Charting your way to trading profits


DOUBLE top and double bottom chart patterns are straightforward to spot and can be seen across a range of different time frames, both in long and short-term charts.

“Double tops are important to look out for, as are double bottoms,” says Ian O’Sullivan, head of sales for SpreadCo. “They confirm a resistance point that has been retested a second time and failed.”

This pattern should be seen as a set up for a possible trend reversal, and so traders should wait for the price to break below the neckline before entering the trade.

However, according to O’Sullivan, you need to look out for additional clues to base a trading decision on – did volume drop on the second run up? Was it a slightly lower high? Are the relative strength indicators (RSI), stochastic and moving average convergence-divergence (MACD) indicators turning lower, indicating weakness? Only then should you consider making the trade and selling short or closing a long.


“Head and shoulders patterns are one of those that a lot of people like to follow and trade,” says Ian O’Sullivan. He adds that the skeptics out there would say that it is just another self-fulfilling prophecy as traders jump on to a trade and help it get to target levels – but it is definitely a pattern you should be looking out for and watching as they form on a regular basis.

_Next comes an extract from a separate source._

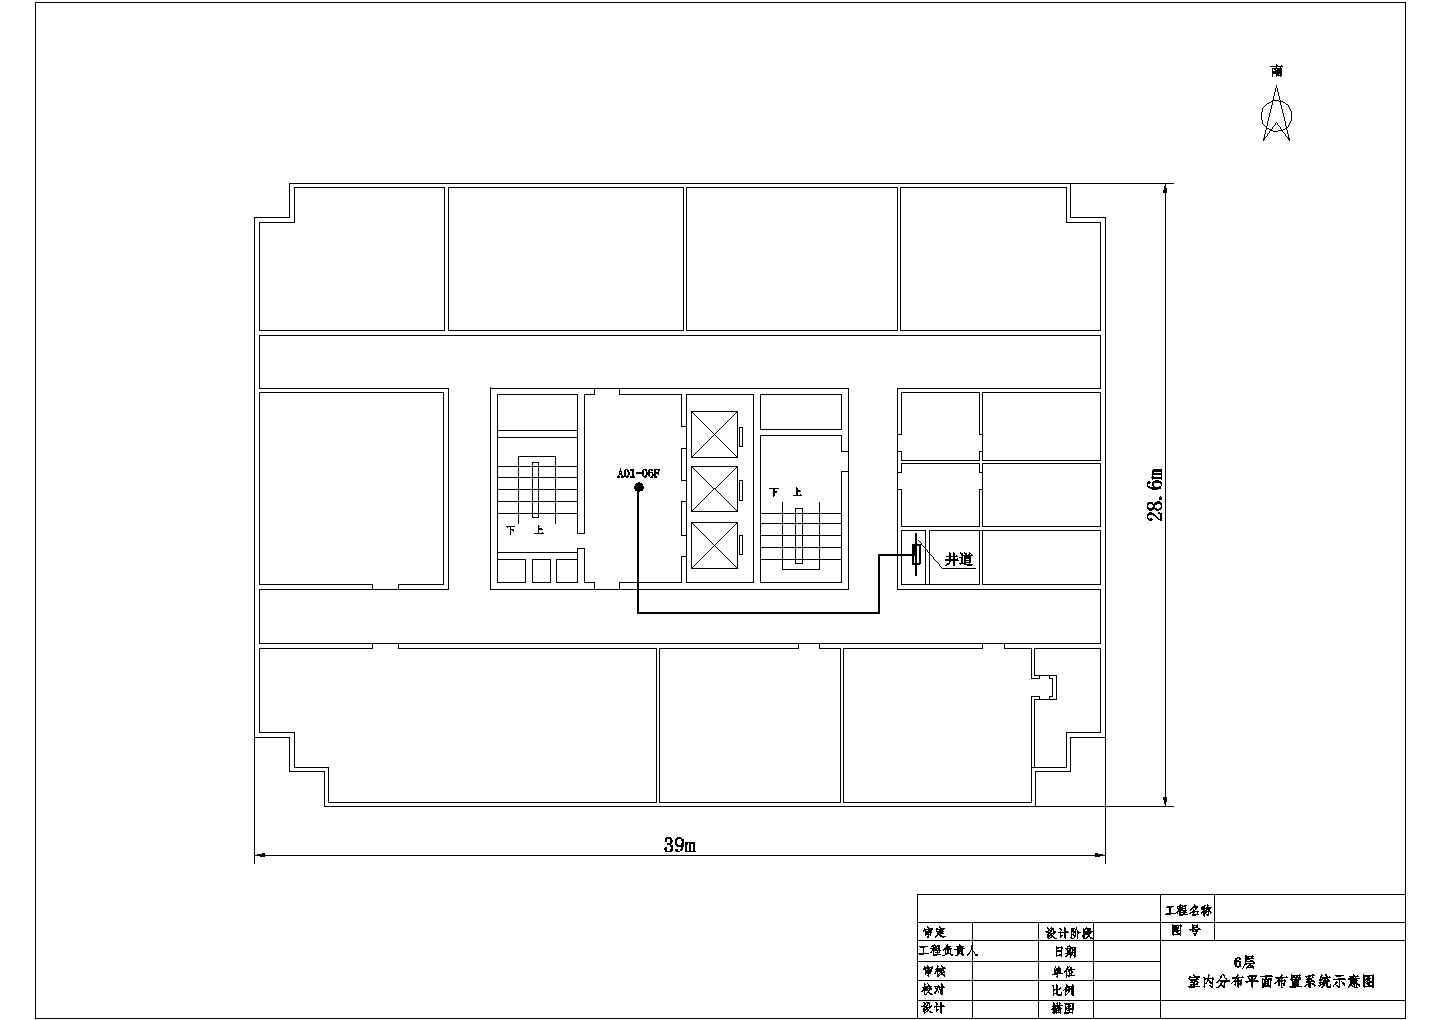 海关大厦6F偶数层天线分布图CAD图纸

A head and shoulders formation can be a clear warning that momentum is fading from the market. The top of the head of the movement is formed with volumes dropping. The right shoulder is formed as the move runs out of momentum. “Another thing to watch out for though is when a head and shoulders pattern fails,” says O’Sullivan. “This can often result in a sharp move the other way as traders scramble to close out and traders taking the other side squeeze hard.” O’Sullivan adds: “So look out for Head and Shoulders patterns, but trade with caution.”

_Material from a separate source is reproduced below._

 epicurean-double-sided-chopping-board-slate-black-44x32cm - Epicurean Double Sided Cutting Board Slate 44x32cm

The inverted head and shoulders formation is the same as the head and shoulders, just turned on its head. It can be considered a buy signal when the price breaks above the neckline. This formation is typically seen after a long downtrend. In the case of an inverted head and shoulders formation, volume generally plays a larger role than in a regular head and shoulders, requiring an increase in volume for a breakout from the neckline. The inverted left shoulder is formed by an increase in volume, the inverted head of the chart is accompanied by lighter volume, and then a big jump in volume on the rally from the inverted head. An inverted head and shoulders is confirmed with the upside penetration of the neckline.

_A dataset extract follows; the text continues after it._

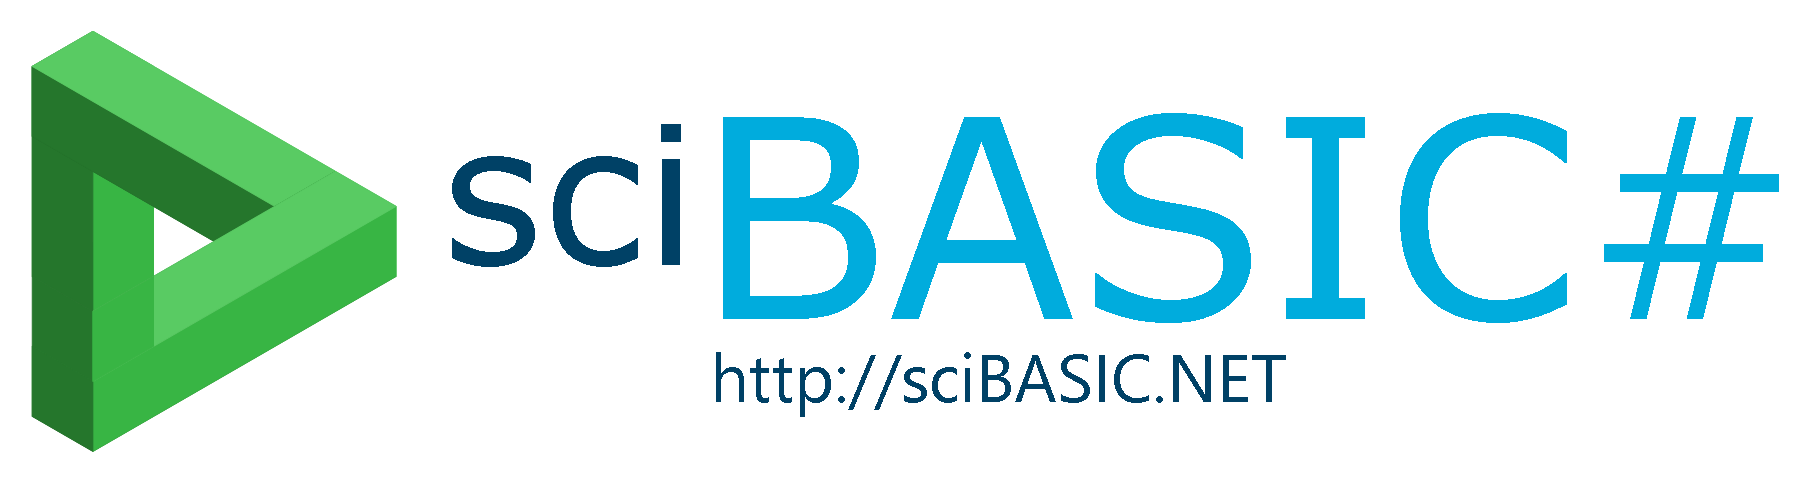 sciBASIC# logo

“Only last week we spotted an inverted head and shoulders developing in the Dax on the five minute chart,” says Ian O’Sullivan. “The target once it broke the neckline was 6,710 and it duly got there. Buying as it broke about the neckline around 6,685 would have yielded a 25pt profit in less than an hour.”


Triangle patterns consist of two trend lines converging into a triangle, and the price moving between these lines. Triangle chart formations tend to be a sign that traders need to sit on their hands and wait to see where the breakout will head.

There are three kinds of triangle formations. Symmetrical triangles are seen as a suggestion that the trend is in a period of consolidation before continuing with the trend. The price will usually rebound between the descending resistance line and the ascending support line before breaking out in the direction of the original trend.

An ascending triangle suggests that the price will head higher upon completion. The key aspect is the ascending support line – indicating selling in the market, after which buyers will move in and raise the price above the breakout level and into an upward trend. By contrast, a descending triangle suggests that the price will turn to a bearish move on completion of the pattern, however traders should be wary of the price breaking the lower support line of the triangle pattern.